We are committed to protecting your privacy and complying with the Personal Information Protection and Electronic Documents Act (PIPEDA) and applicable provincial privacy legislation.

1. Information We Collect

1.1 Account and Practice Information

When you register for ComplianceDDS, we collect information necessary to set up and manage your account, including:

  • Practice name, address, and contact details
  • Account holder name and email address
  • Billing information (processed securely through our payment provider)
  • Practice type, size, and regulatory jurisdiction

1.2 Staff and Credential Information

To facilitate compliance tracking, you may enter information about your practice staff, including:

  • Staff names, roles, and contact information
  • Professional licence and registration numbers
  • Certification records and expiry dates (e.g., CPR, WHMIS, radiation safety)
  • Training completion records

1.3 Compliance and Operational Records

We store compliance-related data that you enter into the platform, such as:

  • Equipment maintenance and inspection logs
  • IPAC (Infection Prevention and Control) audit records
  • Radiation safety and dosimetry records
  • Water quality testing results
  • Emergency preparedness documentation
  • Policy and procedure documents

1.4 Uploaded Documents

You may upload files such as certificates, inspection reports, equipment manuals, and policy documents. These files are stored securely and associated with your practice account.

1.5 Usage and Technical Data

We automatically collect certain technical information when you use the platform, including browser type, IP address, pages visited, and interaction patterns. This data is used to improve the platform and ensure security.

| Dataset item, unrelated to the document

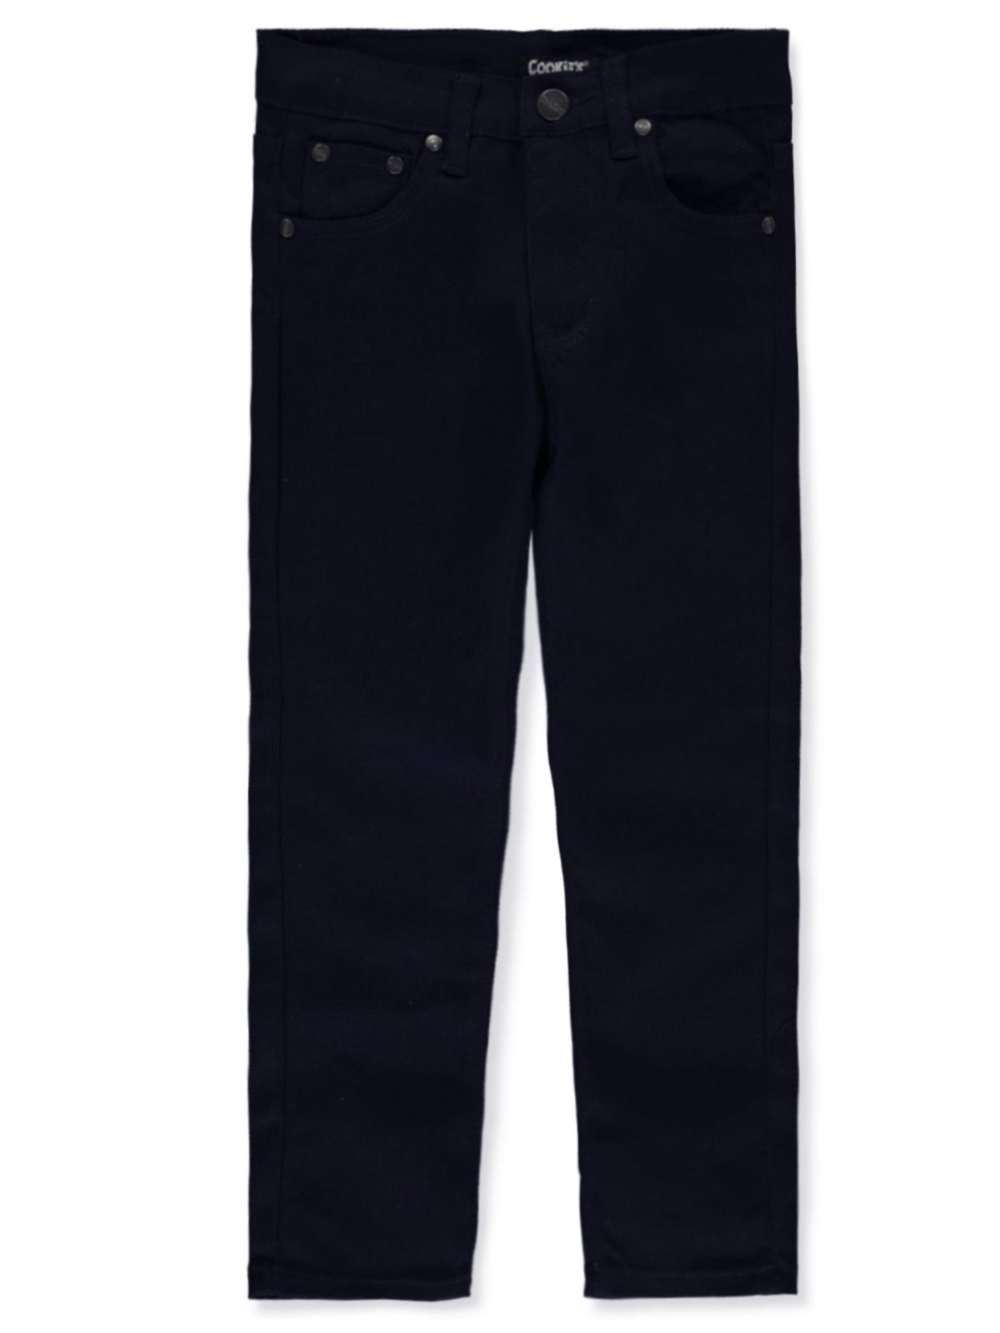 Maxxsel Boy's Skinny Jeans With Spandex (4T-7T & 8-16) - Maxxsel Apparel Inc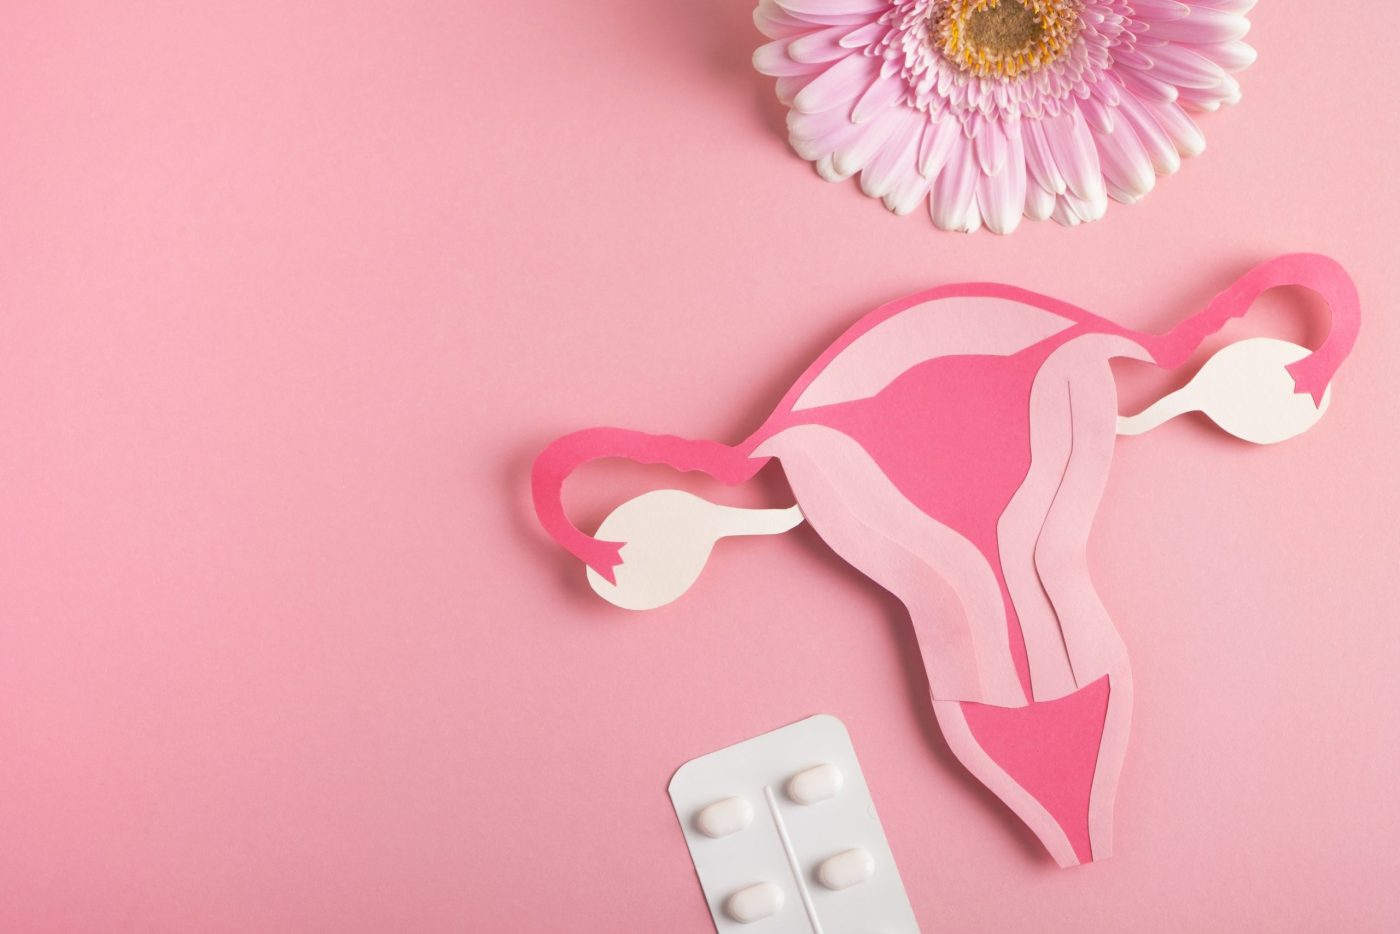 Endometrial Hyperplasia: Causes, Symptoms, Treatment

2. How We Use Your Information

We use the information we collect for the following purposes:

  • Compliance Tracking: To monitor regulatory deadlines, certification expiries, and inspection schedules for your practice.
  • Notifications and Alerts: To send email and in-app reminders about upcoming deadlines, expiring credentials, and required actions.
  • Reporting: To generate compliance reports, audit summaries, and dashboards for your practice.
  • Billing and Account Management: To process subscription payments and manage your account.
  • Platform Improvement: To analyze usage patterns, diagnose technical issues, and improve the platform.
  • Customer Support: To respond to your inquiries and provide assistance.

3. Data Storage and Security

We take the security of your data seriously and implement industry-standard measures to protect it:

  • All data is encrypted in transit using TLS 1.2 or higher.
  • Data at rest is encrypted using AES-256 encryption.
  • Our infrastructure is hosted in Canada and the United States with reputable cloud providers.
  • Access to production systems is restricted and monitored.
  • We perform regular security assessments and maintain access controls based on the principle of least privilege.

4. Third-Party Services

We use the following third-party services to operate the platform. Each provider has their own privacy policy governing how they handle data:

  • Lemon Squeezy: Payment processing and subscription billing. We do not store your full credit card details; payment information is handled directly by Lemon Squeezy.
  • Resend: Transactional email delivery for notifications, alerts, and account communications.
  • Vercel Blob Storage: Secure object storage for uploaded documents and files.
  • Neon: PostgreSQL database hosting for application data storage.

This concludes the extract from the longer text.